McCollum bill seeks to protect BWCA from mining

Newton Lake, BWCAW, Minnesota

Newton Lake, BWCAW, Minnesota

As the mining industry readies its strategy for the next few years, those seeking environment protections in Northern Minnesota generated headlines this week as well.

Yesterday, U.S. Rep. Betty McCollum (D-MN), representing the St. Paul metro district, introduced legislation that would prevent mining in the same watershed as federal wildernesses like the Boundary Waters Canoe Area (BWCA). While that would not affect the proposed PolyMet development in Hoyt Lakes, part of the St. Louis River watershed, it would essentially block the less developed Twin Metals proposal in Ely.

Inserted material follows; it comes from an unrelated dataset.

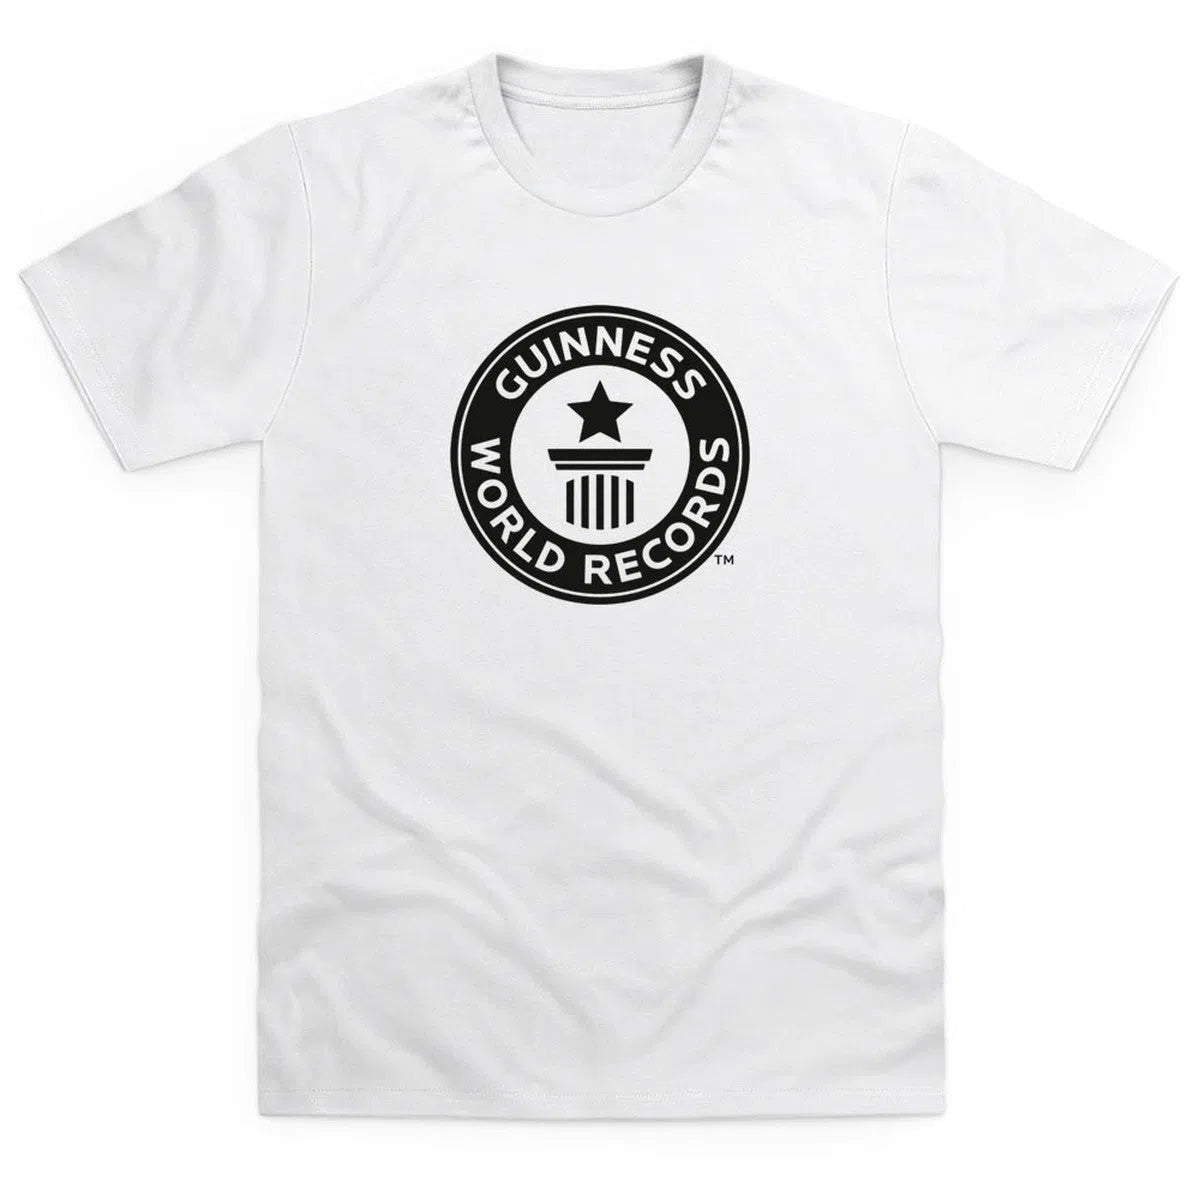 Men's T-shirt with black logo-Guinness World Records

Before anyone gets too excited, the bill has no chance of passing either the House or Senate. McCollum did say she hopes to influence the Obama administration to address the matter through the executive branch, though it’s hard to imagine much happening there one way or another.

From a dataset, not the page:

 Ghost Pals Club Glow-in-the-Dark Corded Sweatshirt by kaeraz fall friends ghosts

Also this week, the Minnesota Environmental Partnership announced the results of a poll it commissioned about mining. While 72 percent of Minnesotans support traditional iron mining, only 18 percent generally support nonferrous mining near the BWCA. The practice of “sulfide mining,” a term that refers to mining rocks high in sulfur which can create chemical reactions in area waters, has only 26 percent support, with 28 percent opposed and — the statistic of the hour — 46 percent claiming no opinion.

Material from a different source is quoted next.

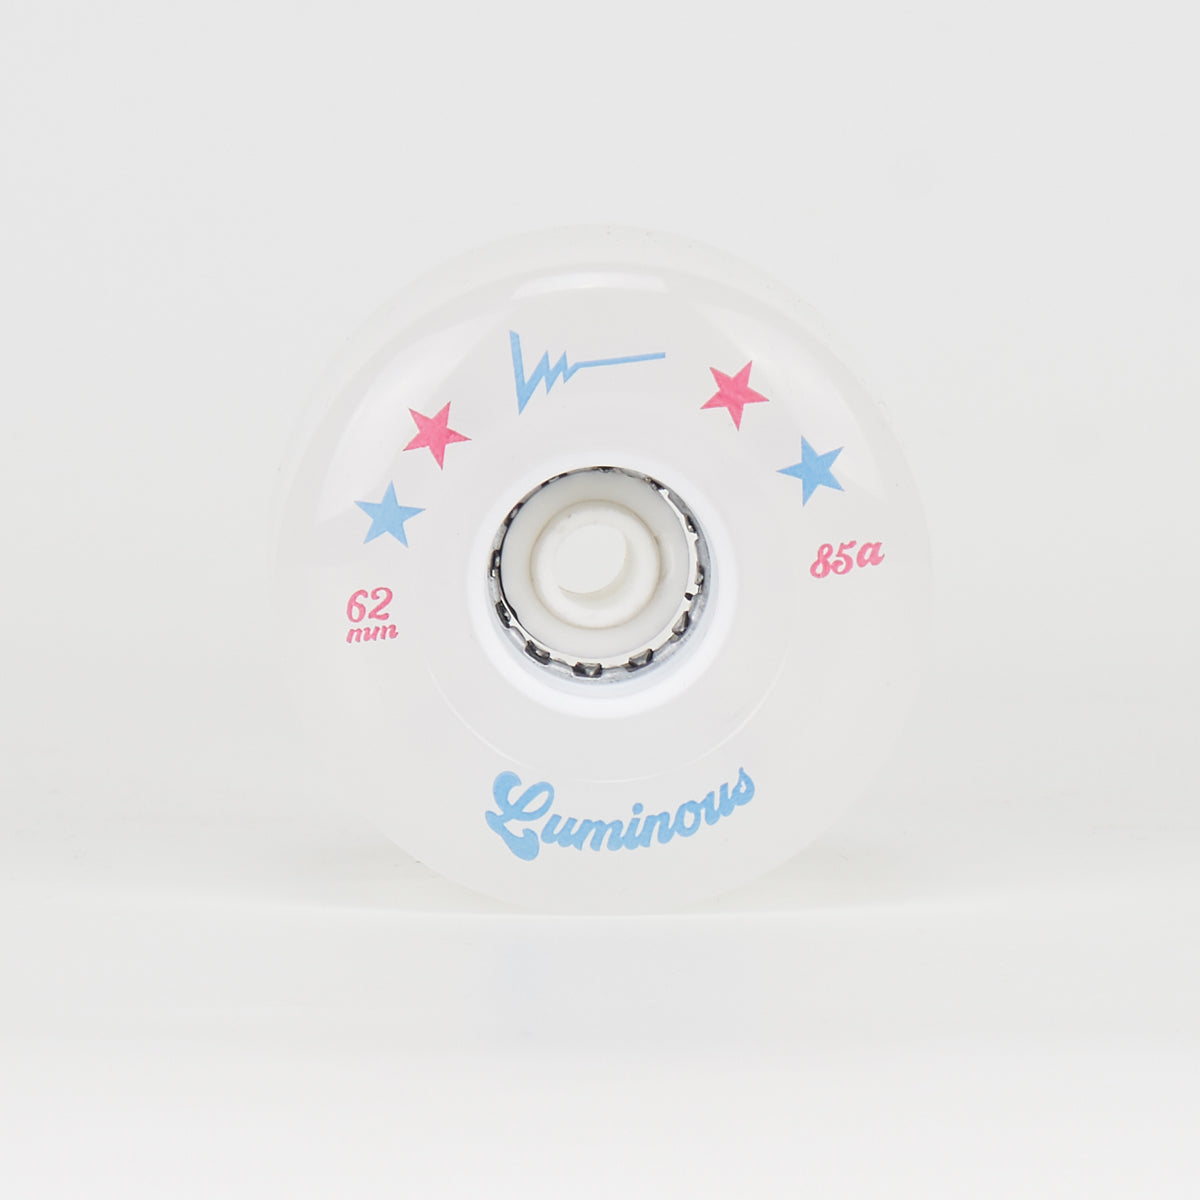 Luminous LED Light Up 62mm/85a Wheels - All stars (Singles)

These stories are continued salvos in the debate over nonferrous mining (or “sulfide mining,” or “innovate new mining” or whatever you want to call it). With the intense global pressure being placed on iron mining and other commodities, it seems to me that the most likely thing to stop new mining is economic reality. Nevertheless, the battle over the regulatory environment is real. As the poll shows, the debate remains largely confined to mining companies and their political hands, environmentalists and their political hands, a contingent of opinionated campers and naturalists along with the ever-decreasing population of nearby cities.

To borrow from the board game “Clue,” in the end the culprit could be Apathy in the Conservatory with the Copper-Nickel Pipe.


  1. Independent says

    If only Betty was around in 1887 she may have had a chance at that one. Go cliff diving and swimming at Miners Lake in Ely this summer when you visit.